Por ella había emprendido aquella guerra, y durante diez años innumerables hombres habían muerto a causa de su nombre. Se decía que, cuando la encontró, llevaba la espada en la mano y pensaba matarla. Helena estaba bajo la luz de las lámparas, todavía hermosa hasta cortar la respiración. Le habló de sus sufrimientos y le suplicó que recordara el antiguo lazo conyugal. La ira de Menelao vaciló. Al final, no la mató en Troya, sino que la llevó de vuelta a las naves.
También estaba Astianacte, el hijo de Héctor.
El niño era aún pequeño. Tiempo atrás, su padre lo había tenido en brazos, y él se había echado a llorar al ver la crin del casco de Héctor. Ahora Héctor estaba muerto y Andrómaca era cautiva. Los griegos temieron que el niño, al crecer, vengara a su padre y a su ciudad, y decidieron no dejarlo con vida. El pequeño Astianacte fue arrojado desde lo alto de la muralla. El llanto de Andrómaca resonó entre las ruinas, pero no pudo devolverle a su hijo.
Hécuba, Andrómaca, Casandra y muchas mujeres troyanas fueron repartidas como esclavas entre los caudillos griegos. Antes habían sido reinas, princesas y nobles; ahora solo podían permanecer en la orilla, esperando que las subieran a las naves enemigas.
Cuando estaba a punto de amanecer, Troya ya no parecía una ciudad.
Los techos se habían hundido y las vigas seguían ardiendo. Las puertas del palacio habían sido destrozadas, los almacenes saqueados, y en las calles yacían los muertos. Por las anchas vías por donde antes pasaban carros y caballos corría agua sucia mezclada con ceniza. Había humo en los templos, sangre junto a los altares, y las torres que antes brillaban aparecían ennegrecidas por el fuego.
Los griegos llevaron el botín hasta la orilla. Copas de oro, túnicas, armas, objetos de bronce, mujeres y niños cautivos fueron repartidos entre los distintos jefes. Algunos se alegraban; otros callaban. La guerra de diez años había terminado por fin, pero su final no tenía el esplendor de los cantos de un banquete.
En medio del caos, Eneas escapó de la ciudad con su padre Anquises y con su hijo. Se contaba que llevaba sobre los hombros a su anciano padre y guiaba de la mano al niño, mientras a sus espaldas ardía su hogar. No salvó Troya, pero sacó de las llamas a un pequeño grupo de troyanos. En cuanto a la ciudad misma, para ella ya no había regreso.
Cuando salió el sol, el mar se tiñó de oro pálido.
Las naves griegas aguardaban junto a la costa, listas para partir.
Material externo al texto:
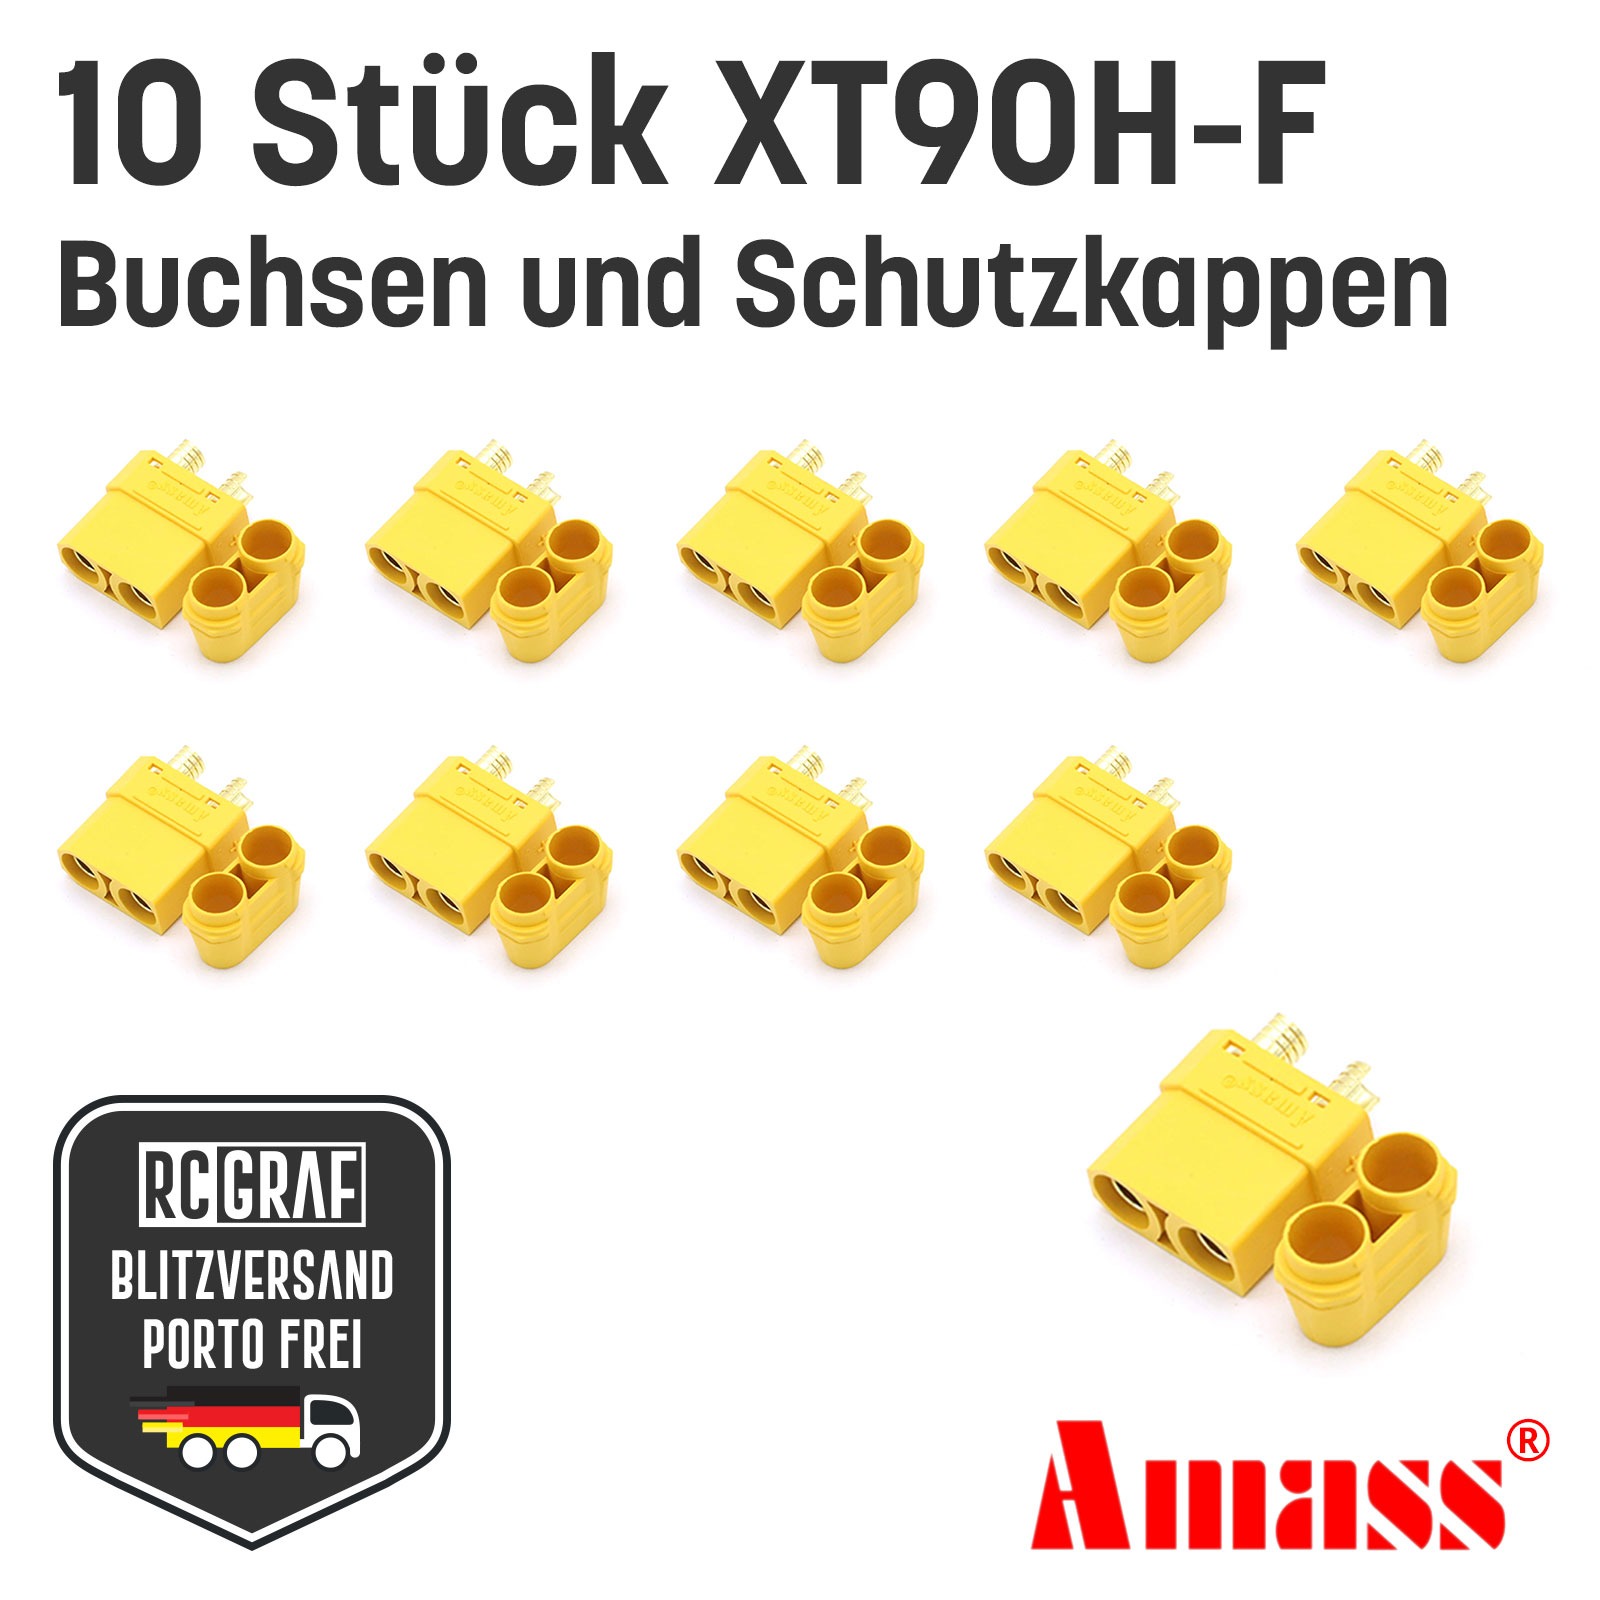 XT90H XT90 Buchsen Hochstrom Goldstecker Original Amass 2

Pero muchos de aquellos hombres aún no sabían que el camino de vuelta no sería seguro. Los dioses habían visto la matanza dentro de la ciudad y habían recordado las ofensas cometidas en los templos. Las tormentas, los extravíos, el odio y la venganza seguirían a no pocos vencedores.
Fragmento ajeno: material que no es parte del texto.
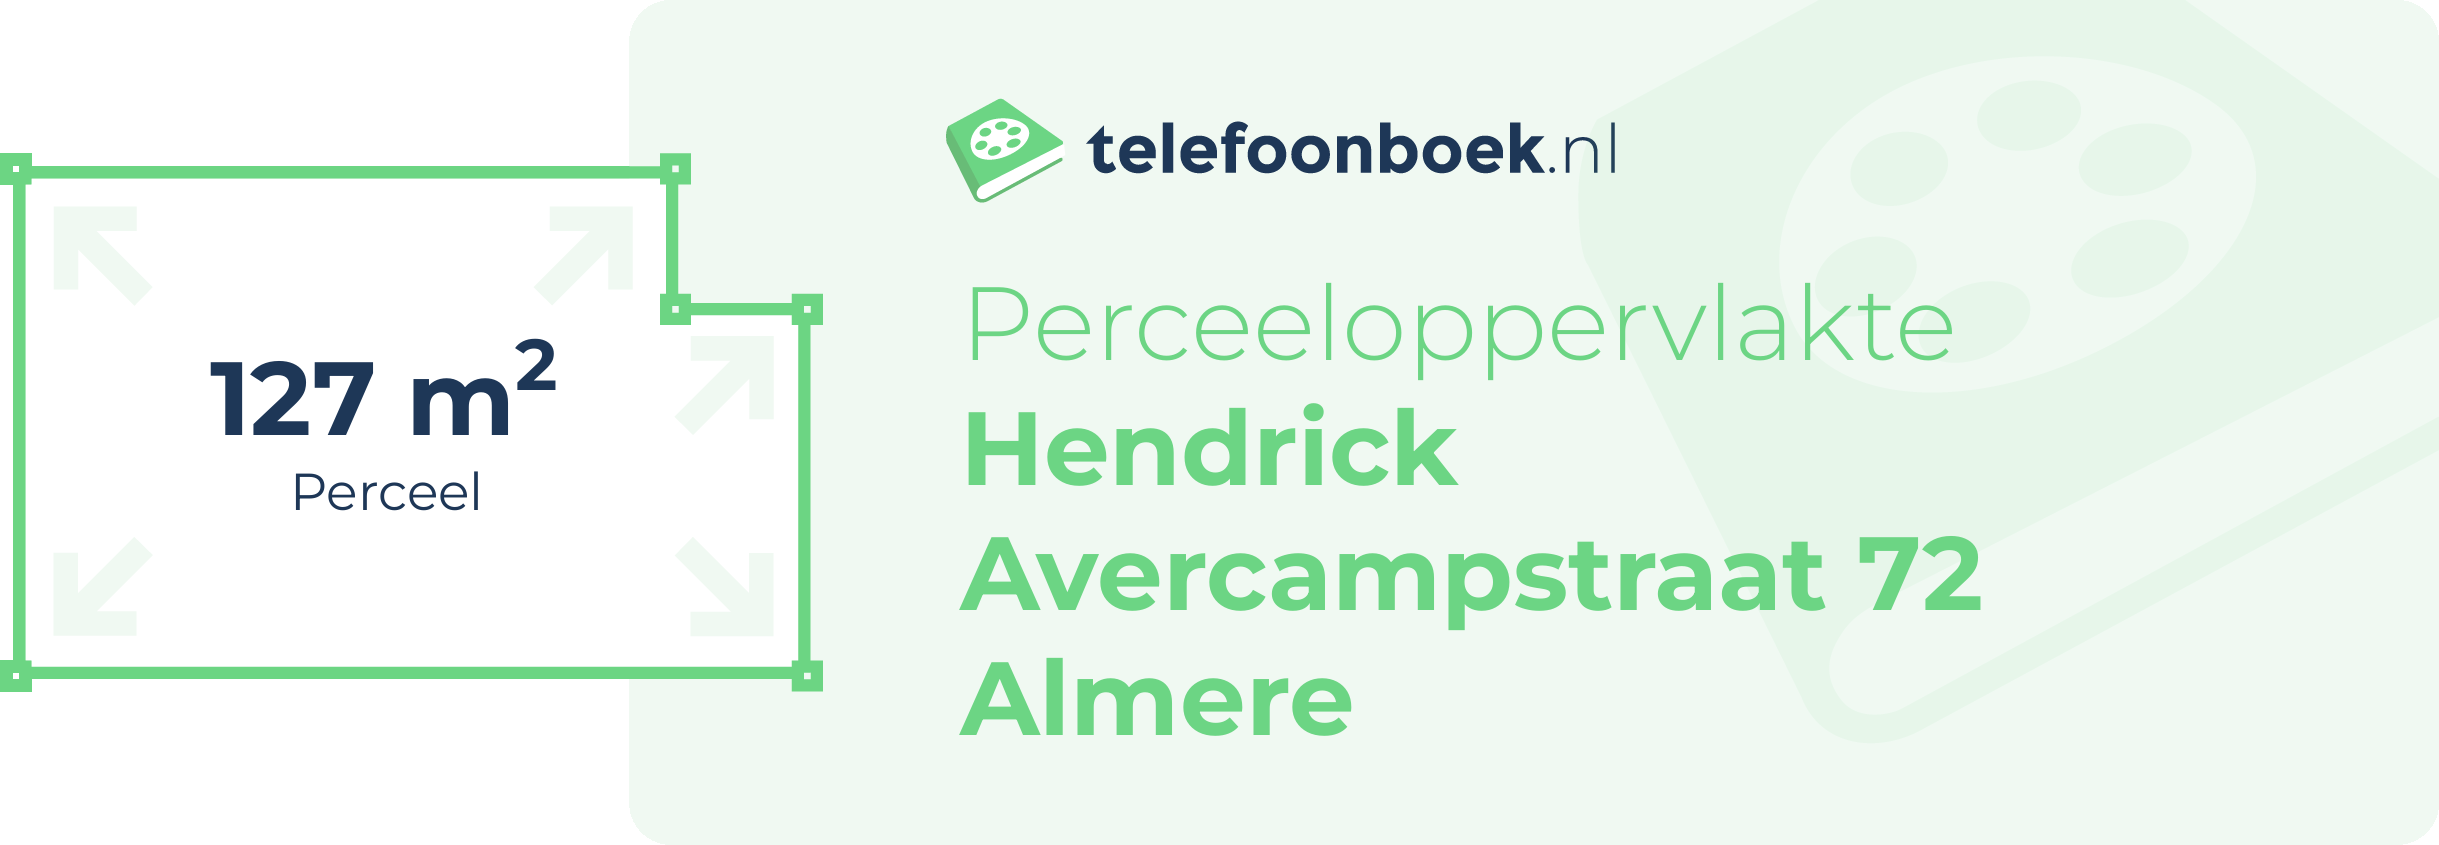 Perceeloppervlakte Hendrick Avercampstraat 72 Almere

Pero en aquel momento, Troya ya había caído.
La muralla que durante diez años los griegos habían mirado desde abajo no pudo detener al caballo de Troya en la noche. El palacio de Príamo se convirtió en ceniza, la familia de Héctor fue desgarrada, y Helena fue llevada a las naves griegas. Junto a las puertas que antaño estuvieron llenas de vida, solo quedaban humo, piedras rotas y una luz de fuego que se enfriaba lentamente en el amanecer.